As with faith, we must be careful not to be trusting in our repentance to save us, but in Christ who grants repentance. And just as we are unable to begin the work of salvation by producing faith or repentance, neither are we able to sustain ourselves in our own strength. Once again, it is God’s grace that will preserve us, for He is not only the author of our faith, but the finisher of it as well (Heb. 12:2).

  • “He who has begun a good work in you will complete it until the day of Jesus Christ” (Phil. 1:6).
  • “He will also keep you firm to the end, so that you will be blameless on the day of our Lord Jesus Christ. God is faithful, who has called you into fellowship with his Son, Jesus Christ our Lord” (I Cor. 1:8-9).
  • “Those he called, he also justified; and those he justified, he also glorified” (Rom. 8:3).

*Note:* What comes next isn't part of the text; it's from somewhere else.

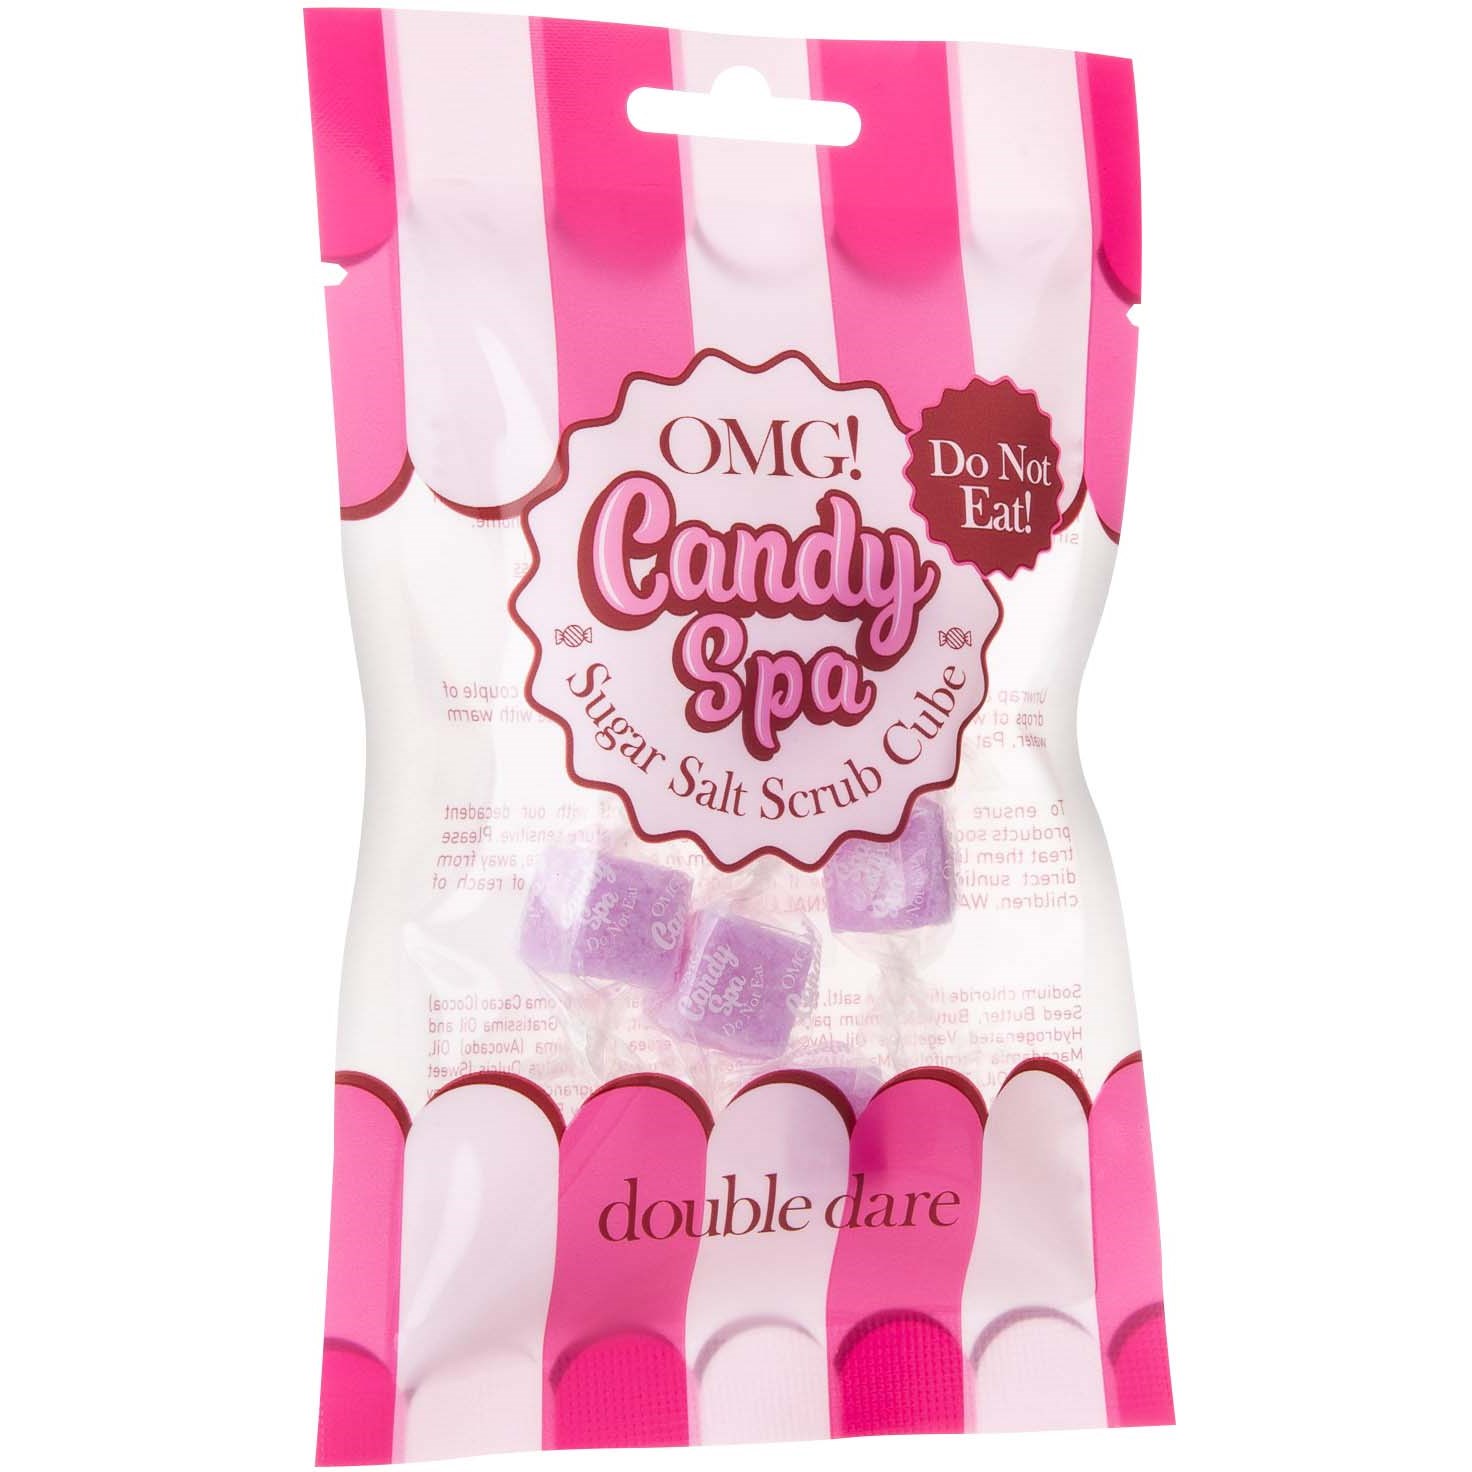 Bilde av Omg! Double Dare Candy Spa: Sugar Salt Scrub Cube #06 Miracle Vit E

And so in All of Grace Charles Spurgeon’s desire is to help the reader to see that he or she can and must be saved only by God’s grace, that by His grace we are made holy, and by His grace we will persevere until the end. To the unbelieving reader who picks up this book Spurgeon says to delay no longer and to stop making excuses saying they need to understand more about how salvation works before they will believe. Asking questions about how to believe merely wastes time that they cannot afford to waste, and it gets them no closer to having faith. There is nothing to do except to obey the command, “Believe in the Lord Jesus Christ and thou shalt be saved” (Acts 16:31).  So with that I leave you with these final words of warning to those who are not trusting in Christ:

If you will not believe till you can understand all mysteries, you will never be saved at all; and if you allow self-invented difficulties to keep you from accepting pardon through your Lord and Saviour, you will perish in a condemnation which will be richly deserved. Do not commit spiritual suicide through a passion for discussing metaphysical subtleties.